§ What you are asked to do: In the records below, reproduce exactly the lines from the one containing "Wolverine 1000 Mile." through the one containing "Bonnie Doon BP211506", both included, and omit the pictures.

§ Task material:
^^^^^^^^^^^^^^^^
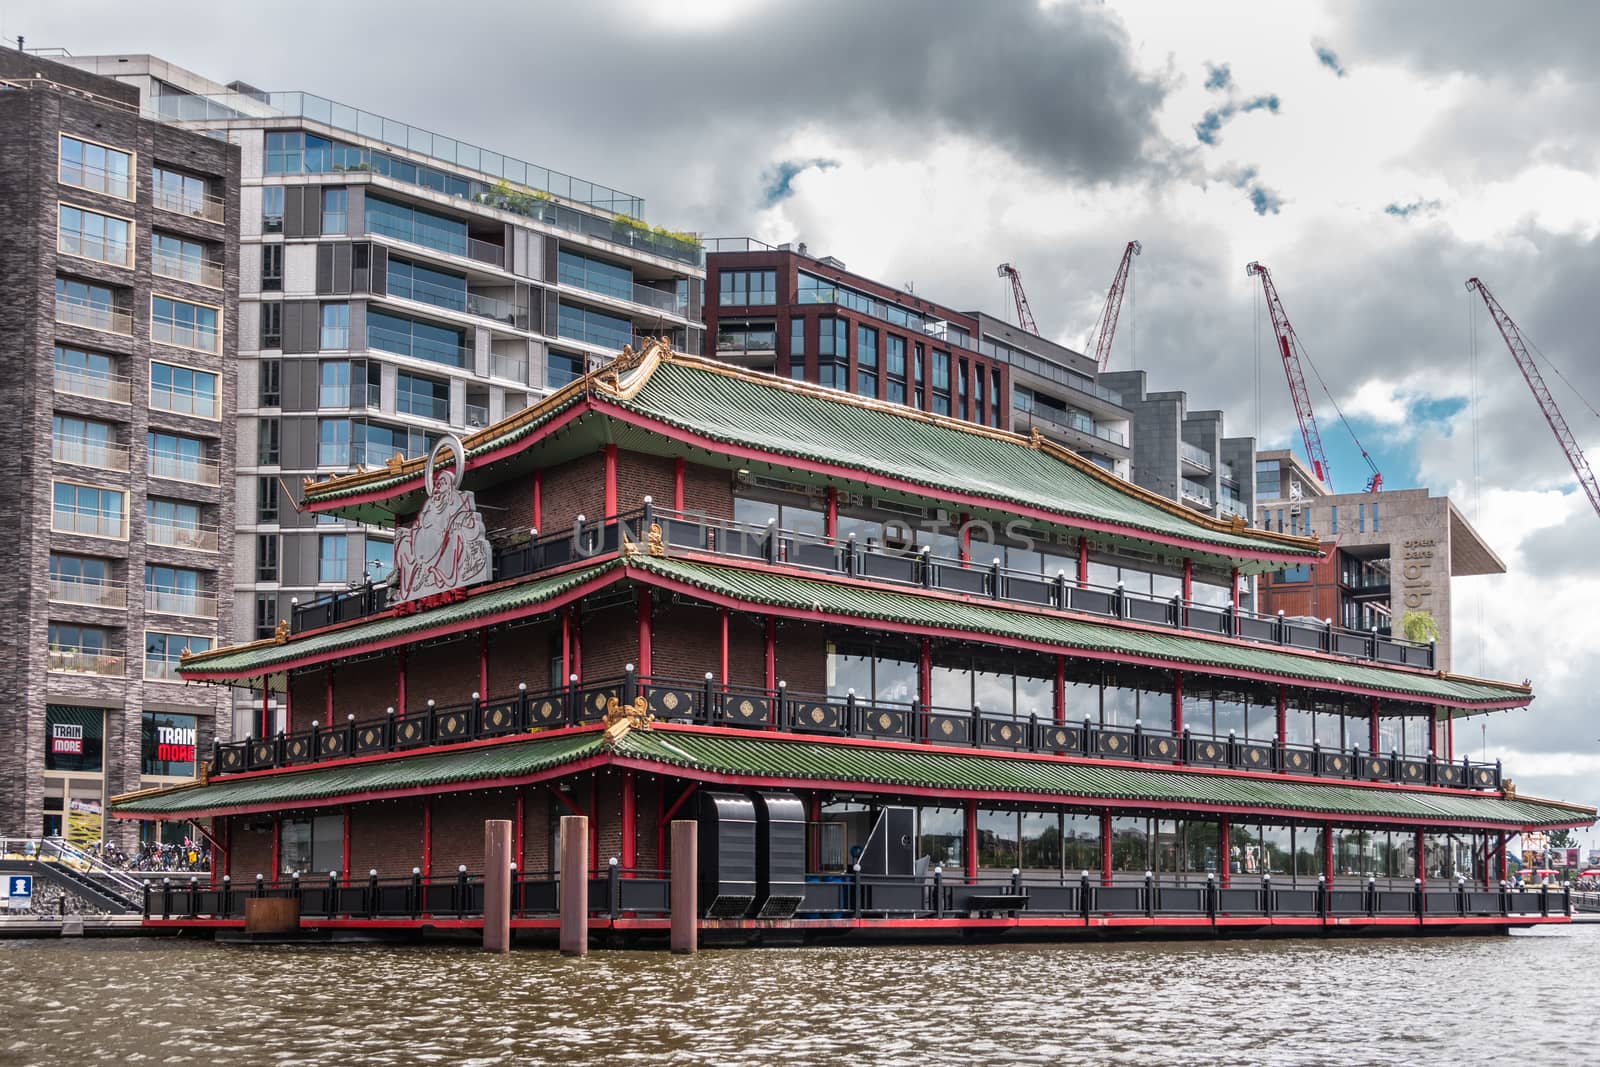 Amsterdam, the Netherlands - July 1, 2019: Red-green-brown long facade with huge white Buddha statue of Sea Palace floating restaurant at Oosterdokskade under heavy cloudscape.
^^^^^^^^^^^^^^^^
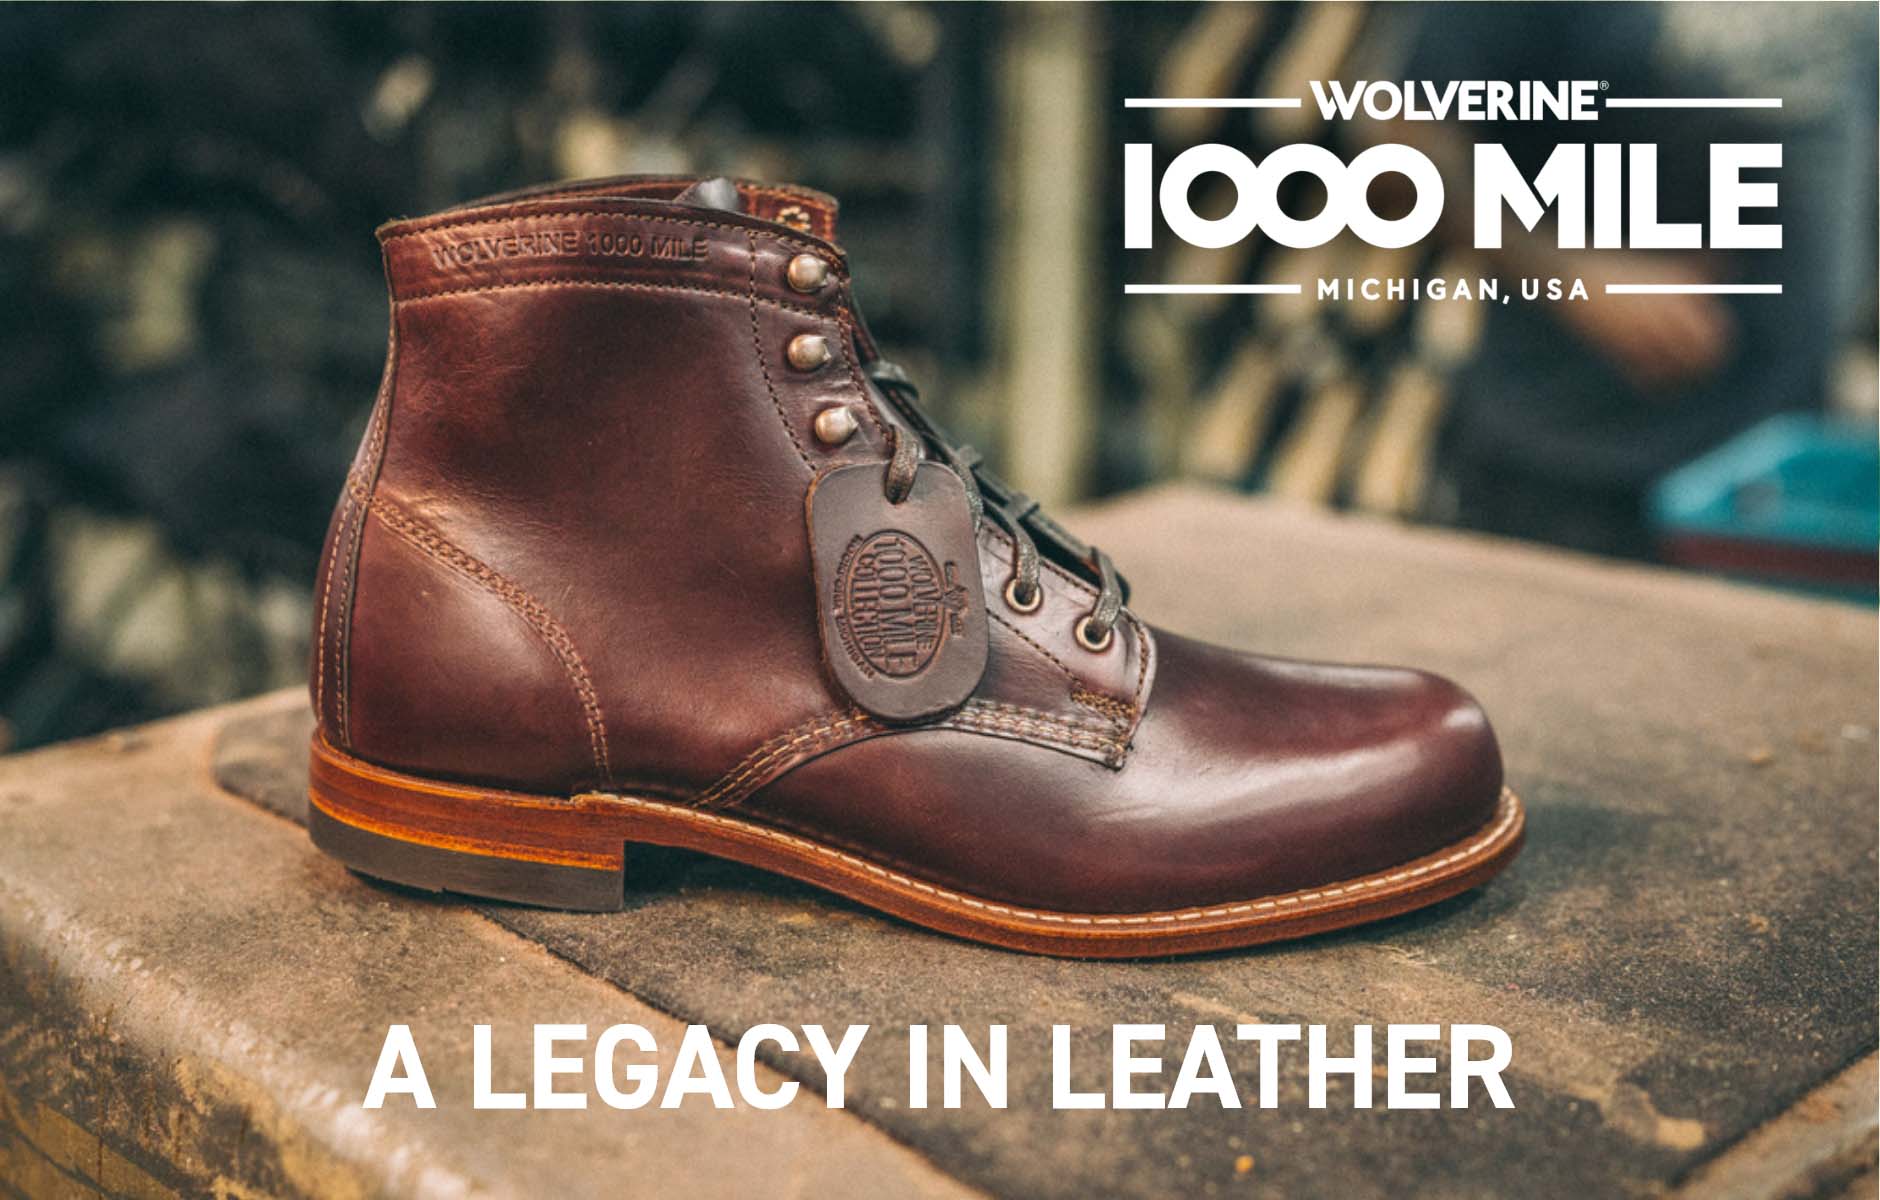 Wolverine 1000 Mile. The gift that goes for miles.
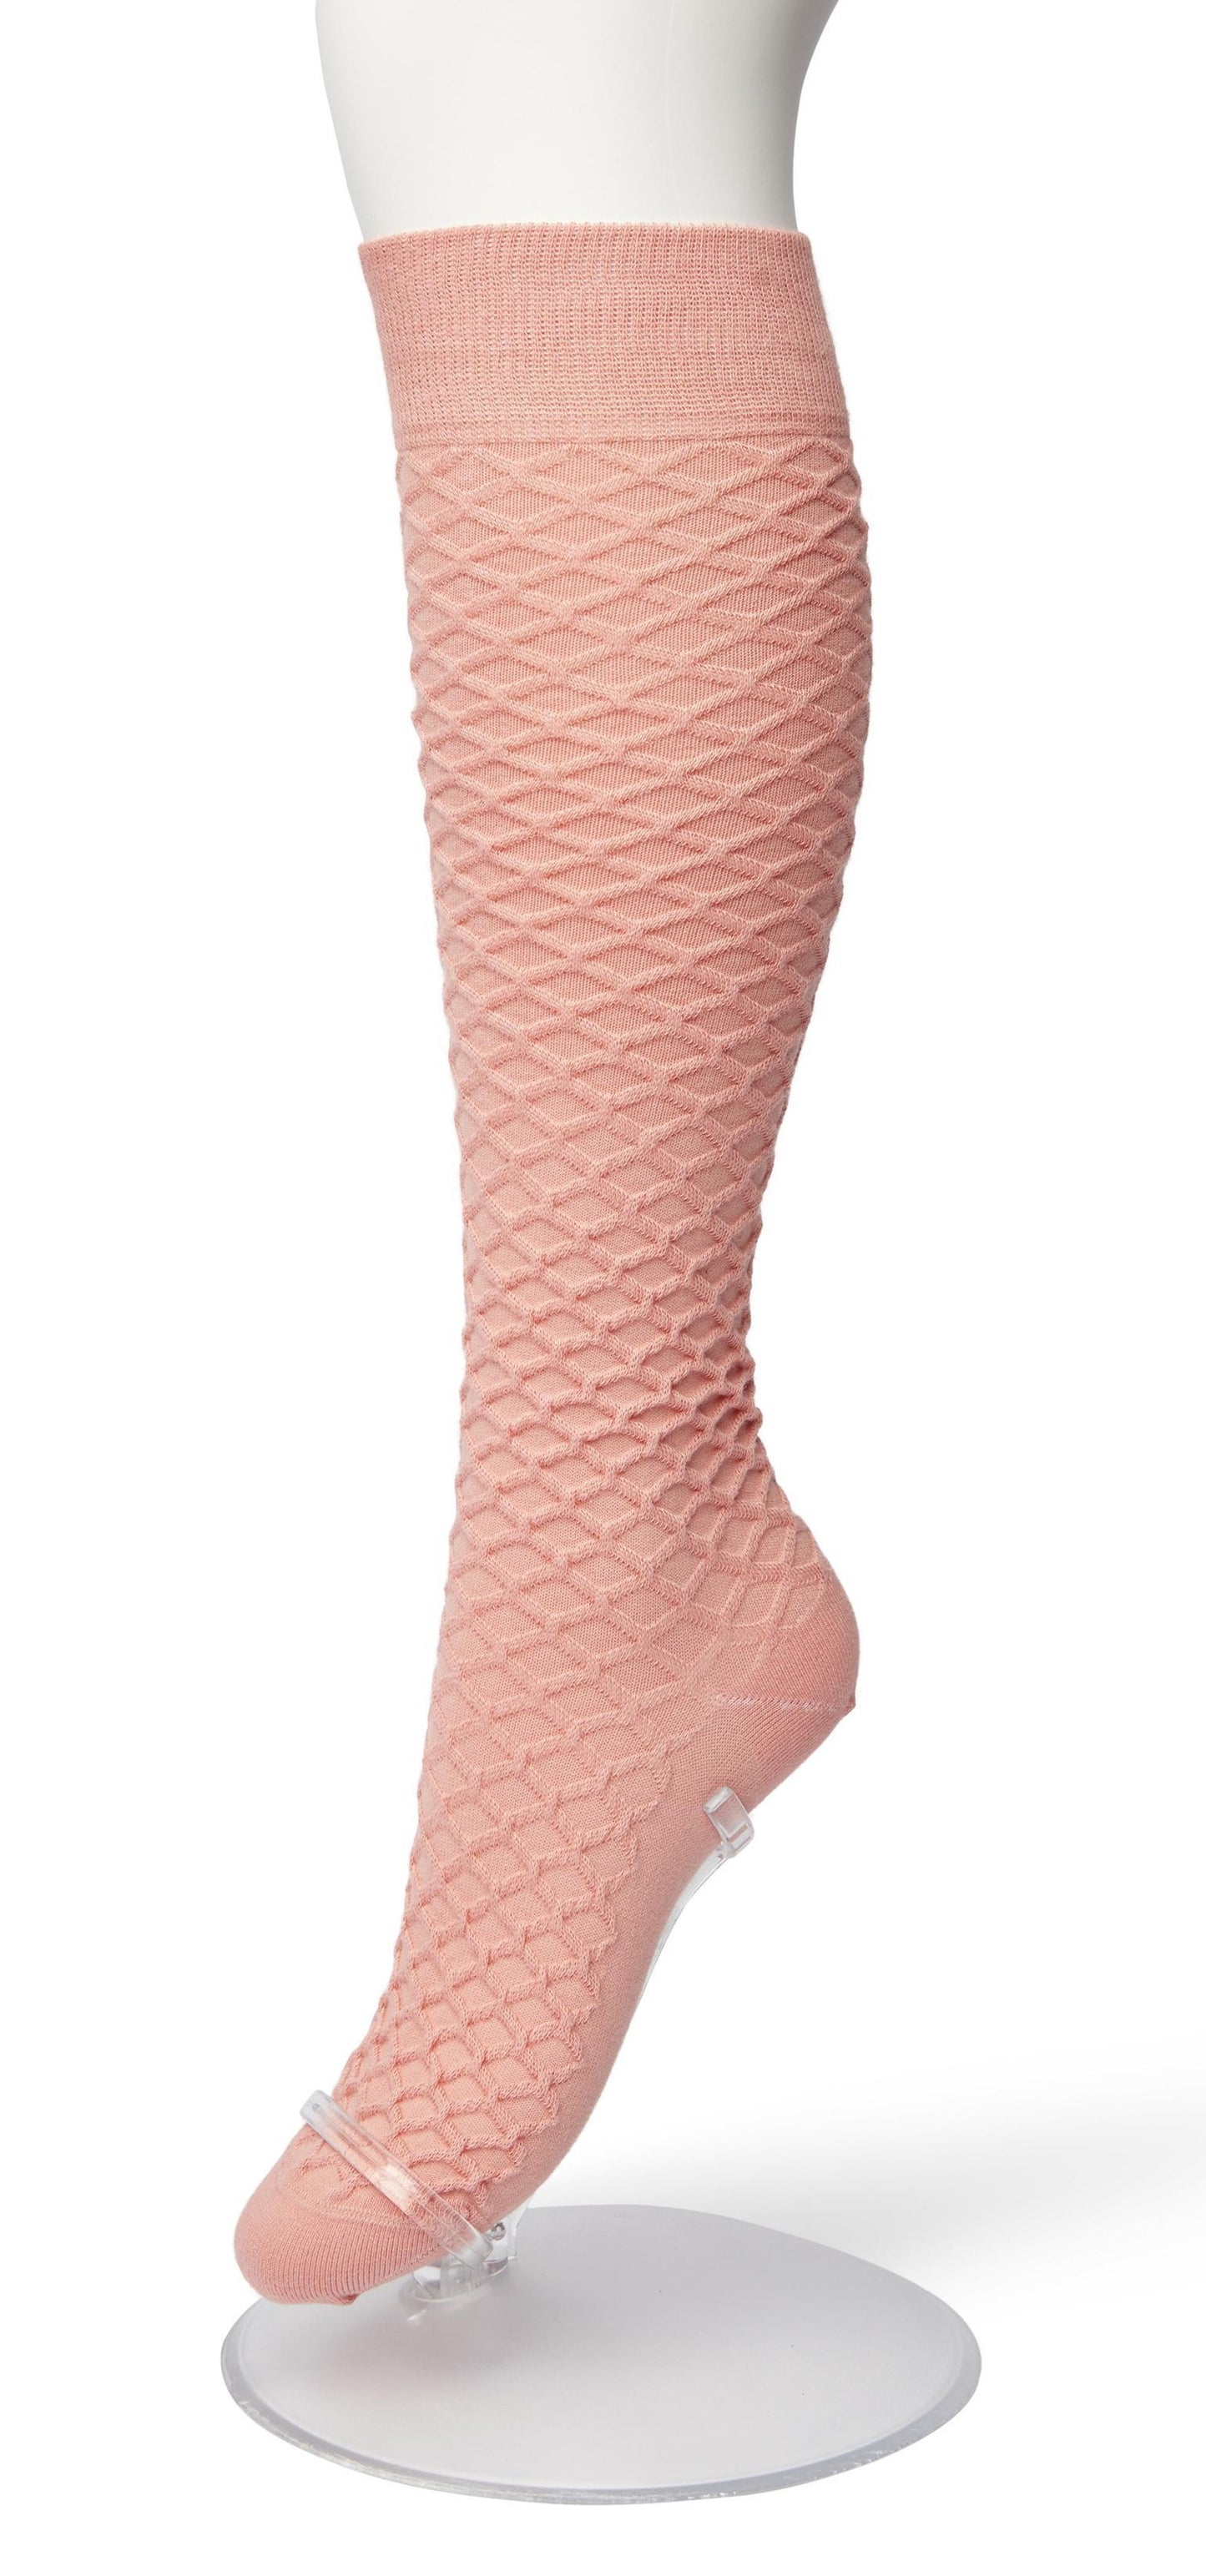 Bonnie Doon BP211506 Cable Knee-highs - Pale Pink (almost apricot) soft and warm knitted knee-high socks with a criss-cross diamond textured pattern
^^^^^^^^^^^^^^^^
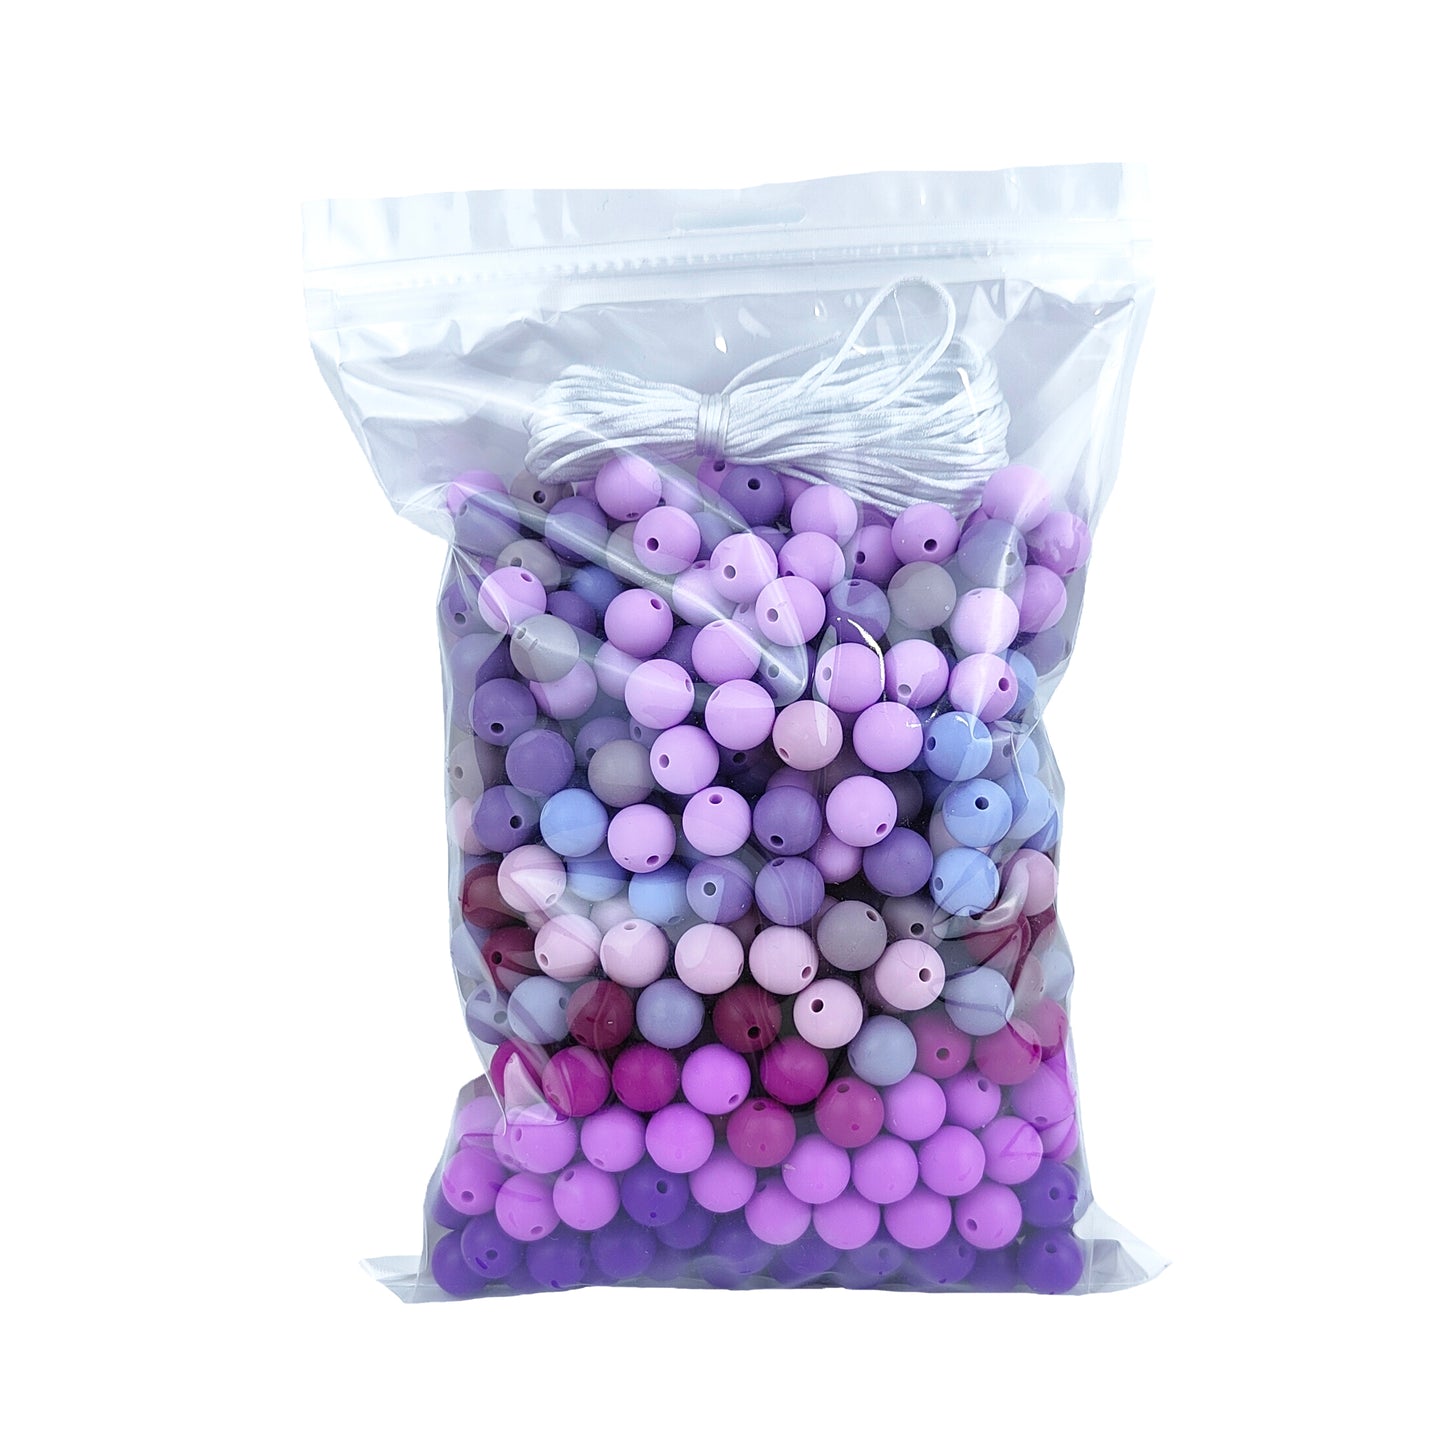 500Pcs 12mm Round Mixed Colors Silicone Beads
^^^^^^^^^^^^^^^^
§ Expected answer:
 Wolverine 1000 Mile. The gift that goes for miles.
 Bonnie Doon BP211506 Cable Knee-highs - Pale Pink (almost apricot) soft and warm knitted knee-high socks with a criss-cross diamond textured pattern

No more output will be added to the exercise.